** Your assignment **
Would you give the listing back word for word once its pictures are removed?

** Data provided **
::::::

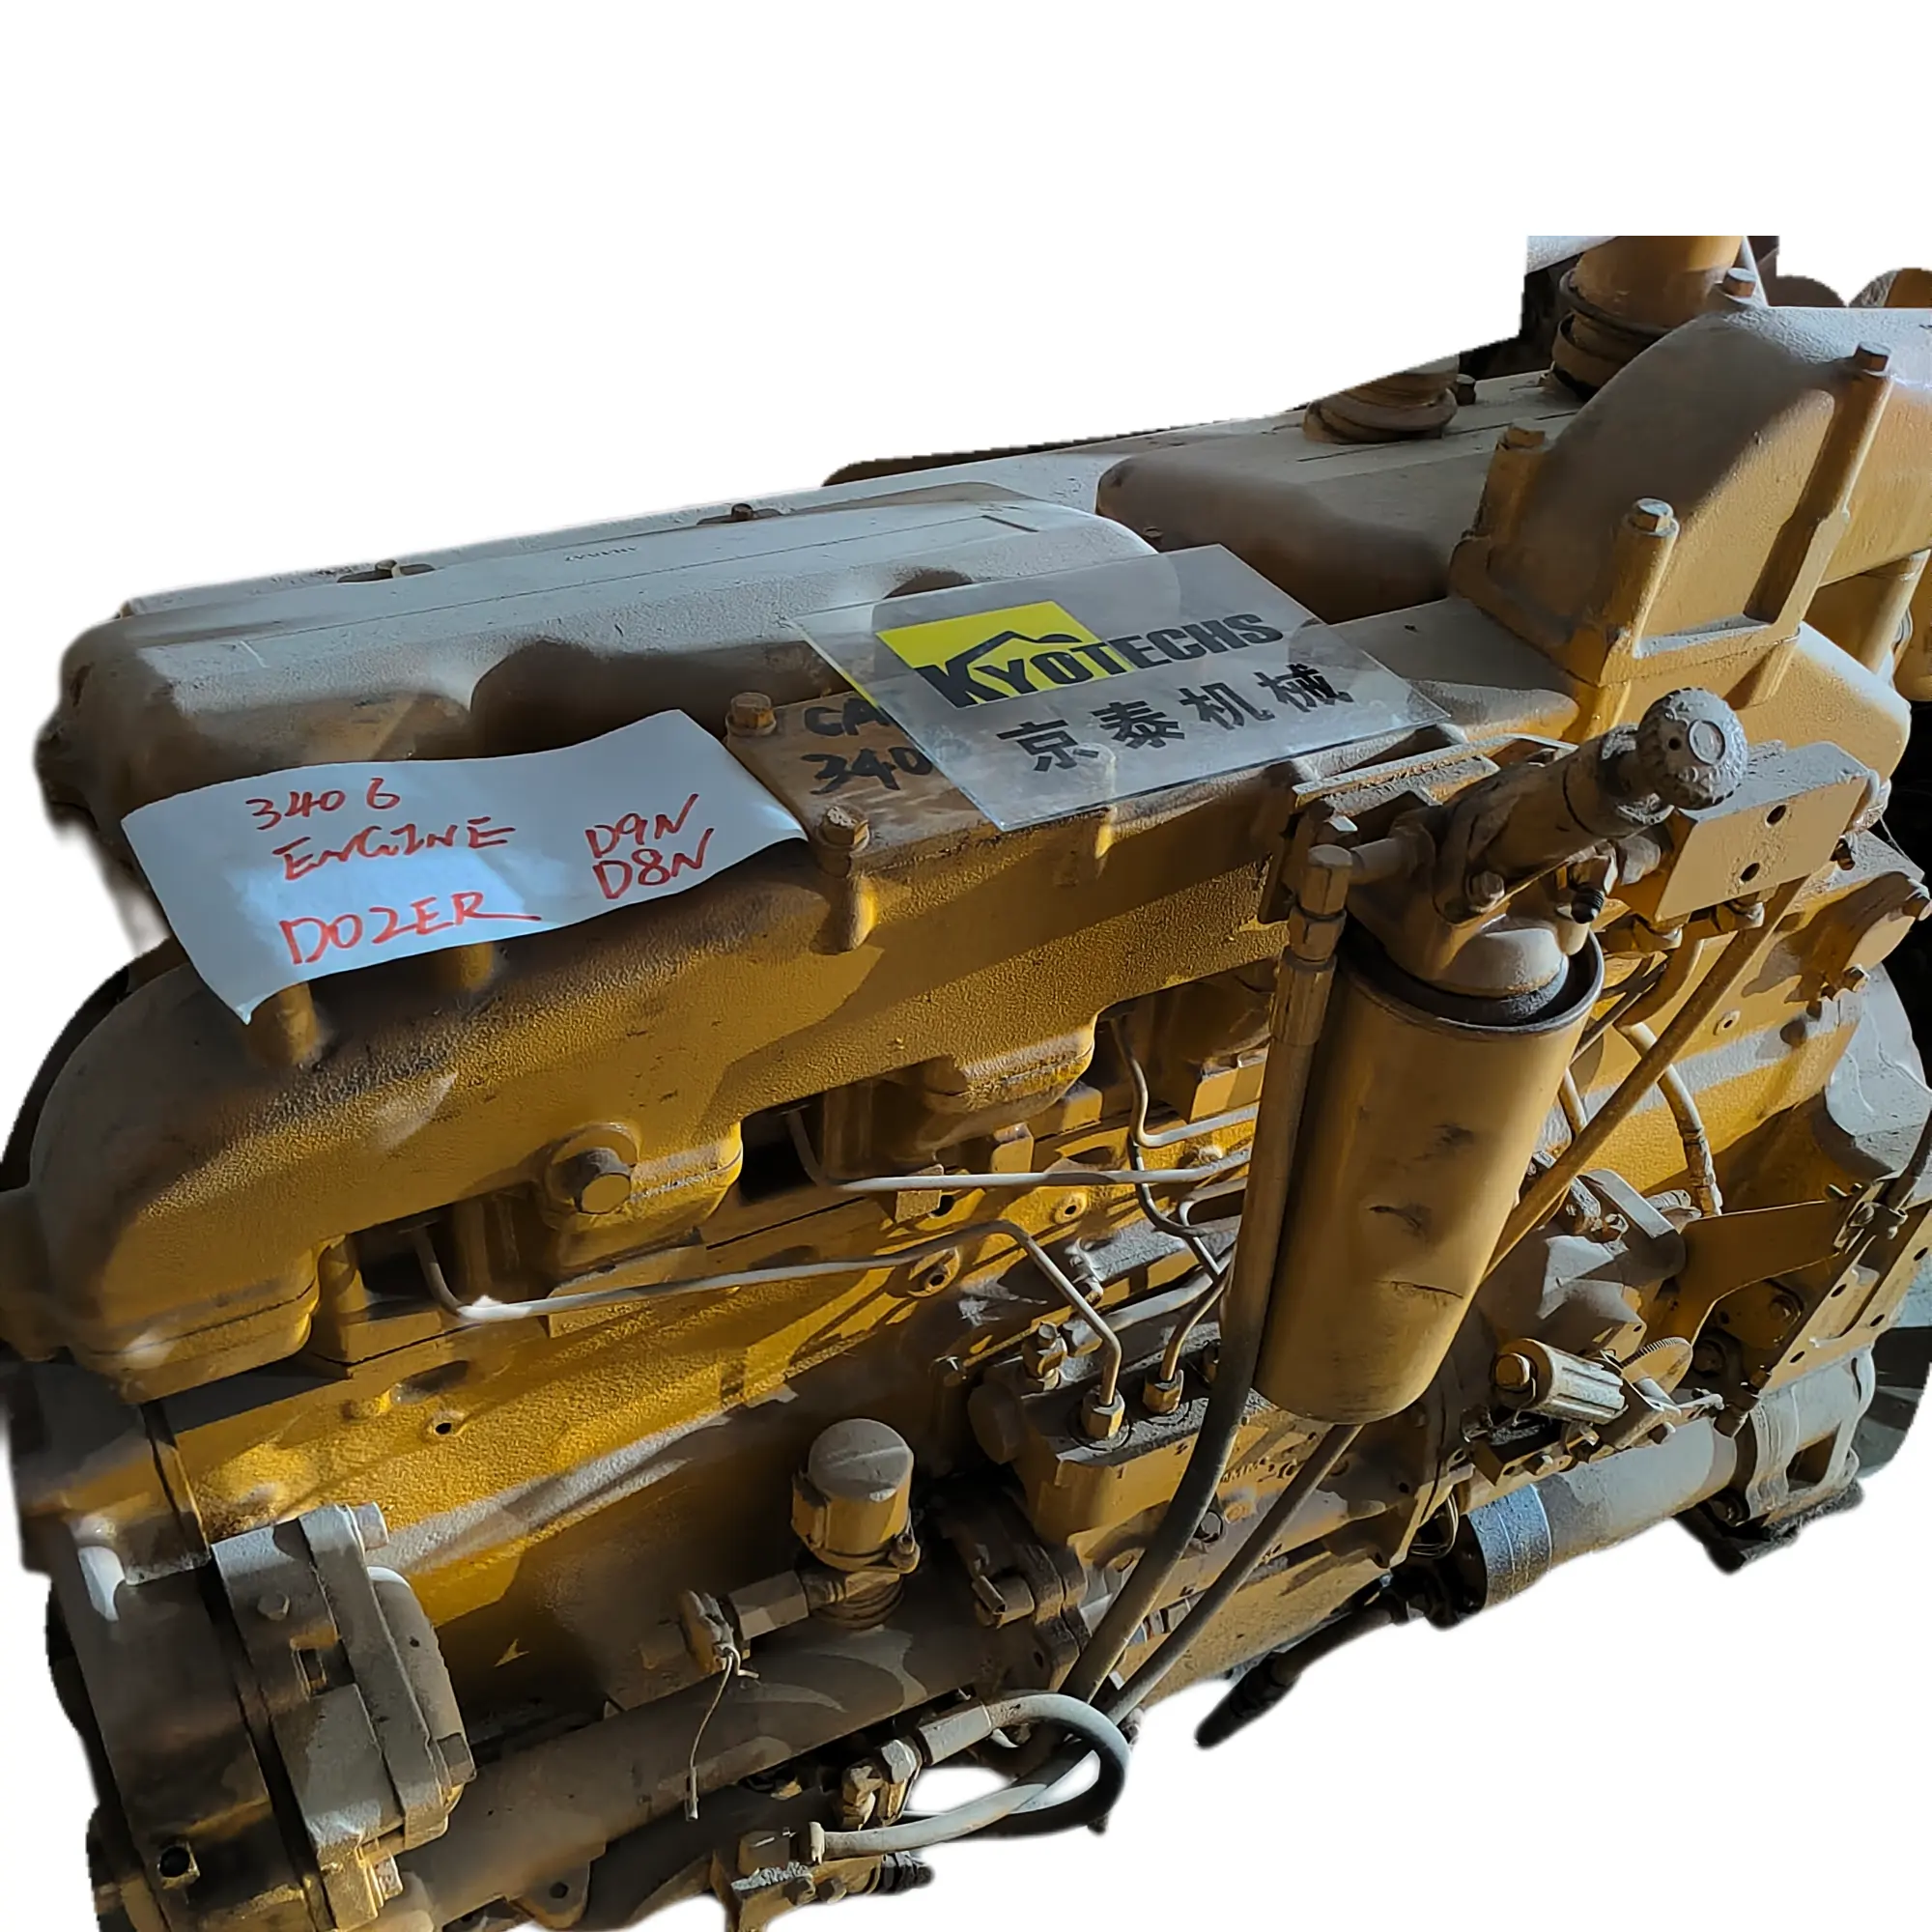 Forklift s4l silindir dizel motor yağı montaj S4L2 motorlar-montaj uluslararası mxt motor
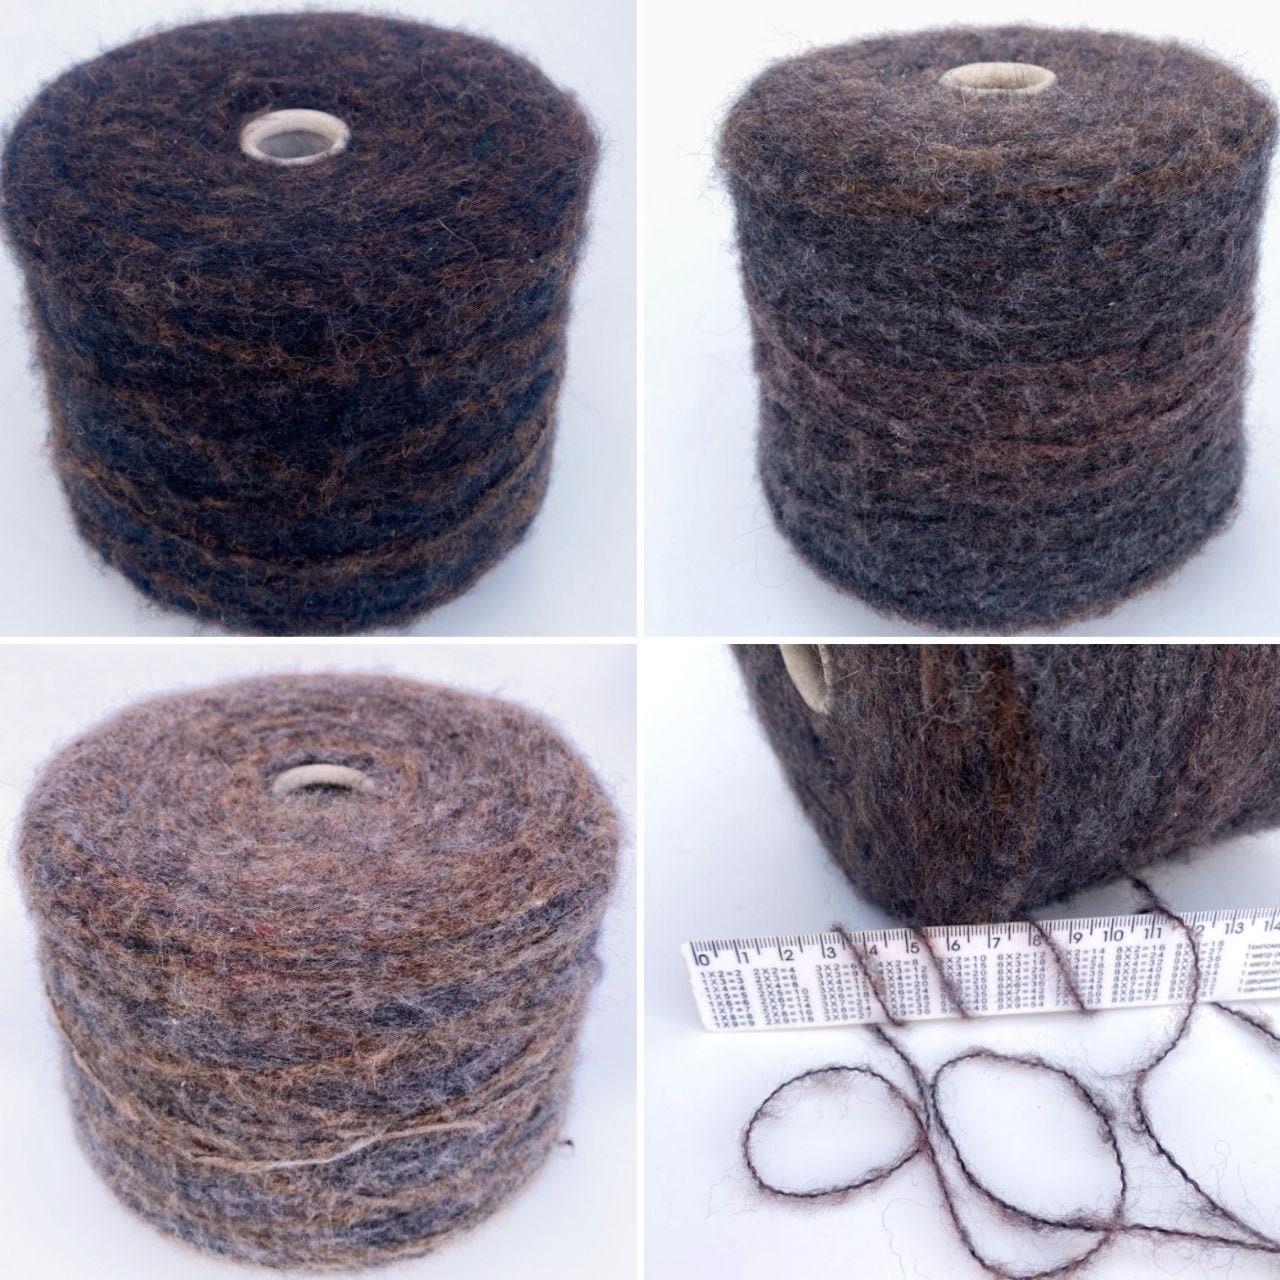 Italian Tape Yarn Cone per 0.88lb / 400g Knitting Crocheting Craft
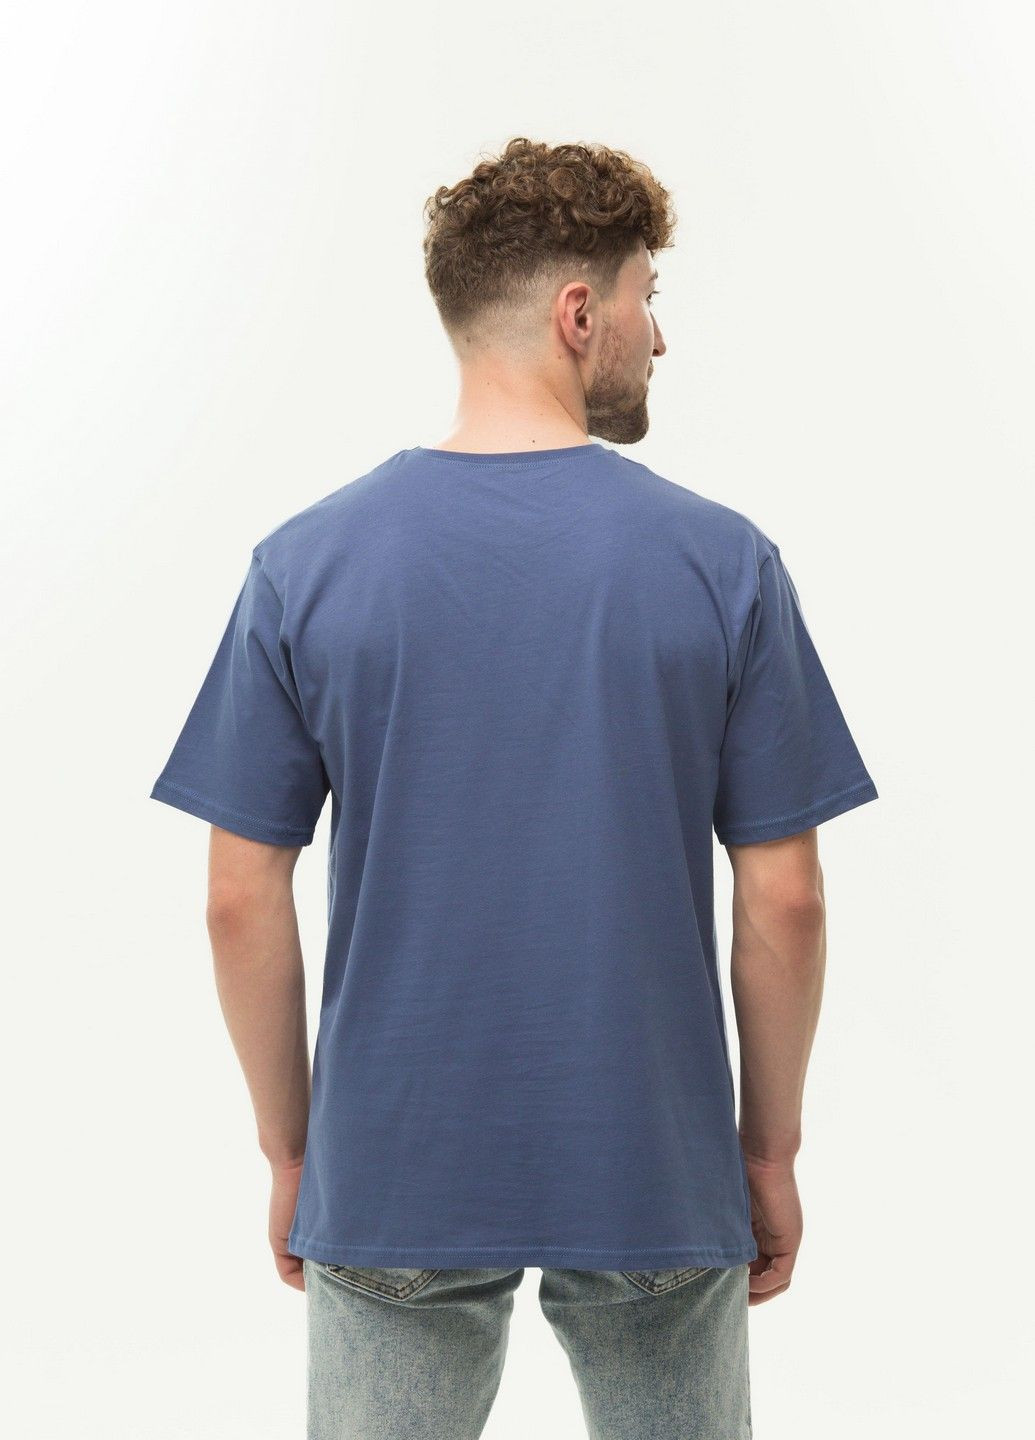 Синяя футболка мужская приталенная свободная Наталюкс 12-1343
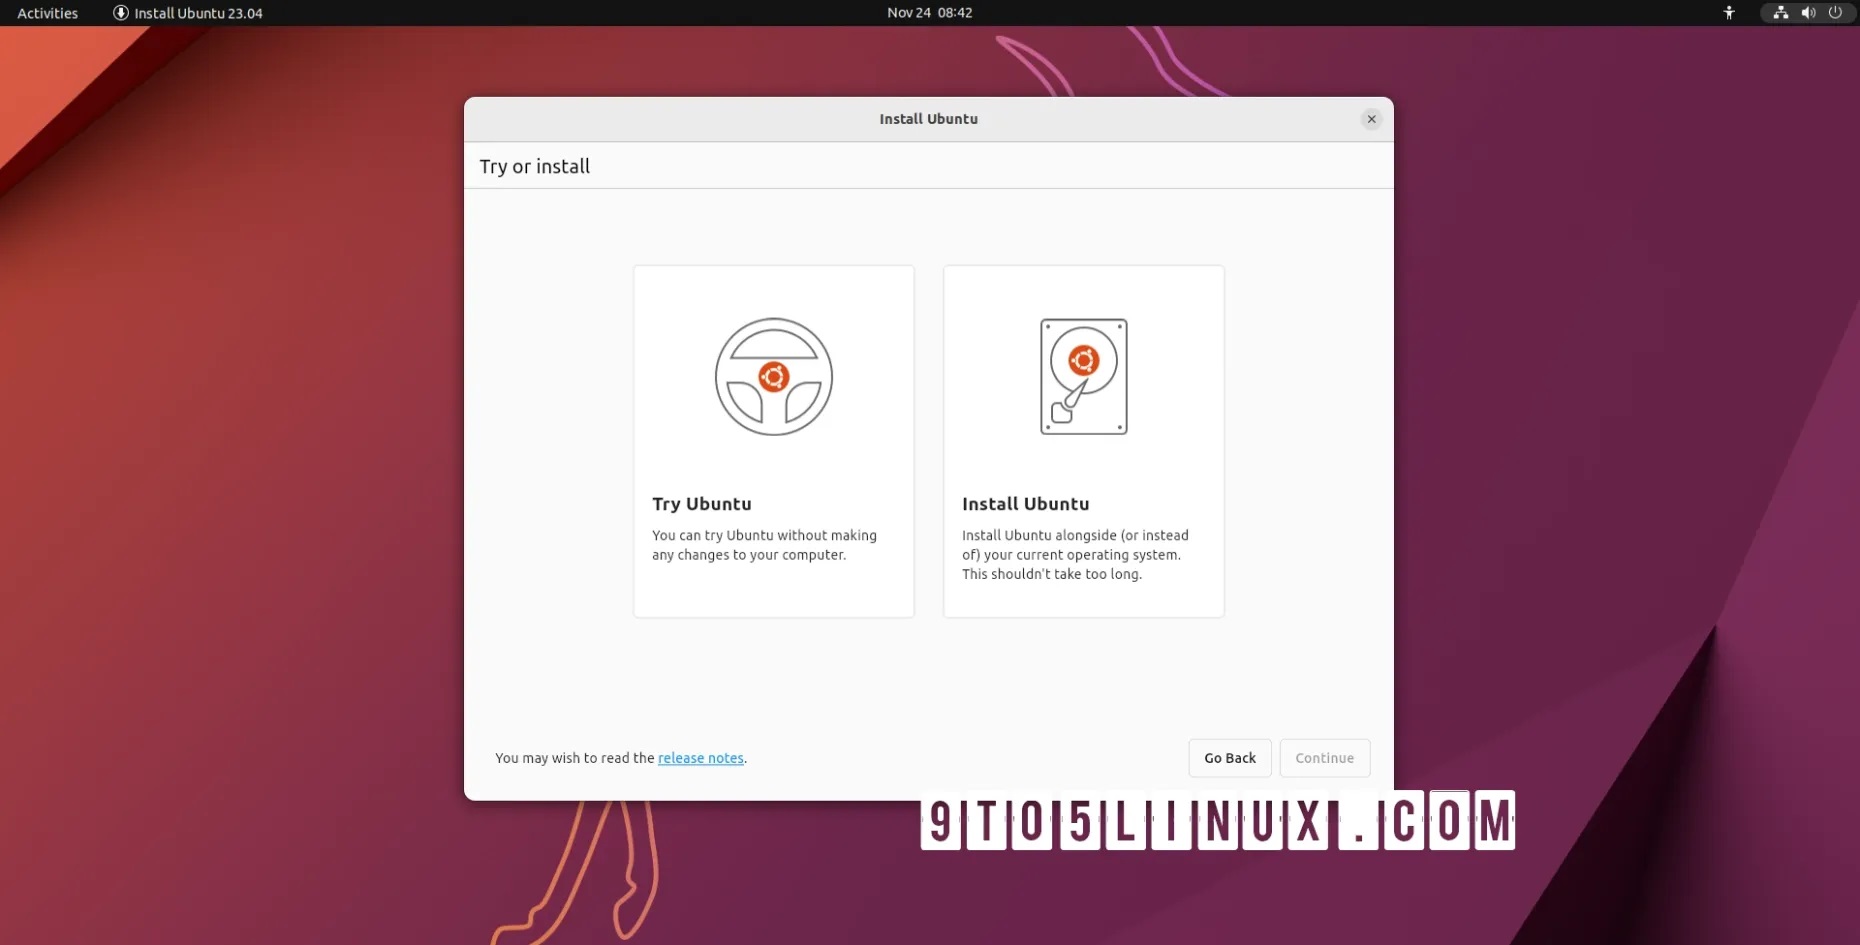 Ubuntu 23.04 (Lunar Lobster) 的日常构建现已可供下载

::::::

** Completed exercise **
 Forklift s4l silindir dizel motor yağı montaj S4L2 motorlar-montaj uluslararası mxt motor
 Italian Tape Yarn Cone per 0.88lb / 400g Knitting Crocheting Craft
 Синяя футболка мужская приталенная свободная Наталюкс 12-1343
 Ubuntu 23.04 (Lunar Lobster) 的日常构建现已可供下载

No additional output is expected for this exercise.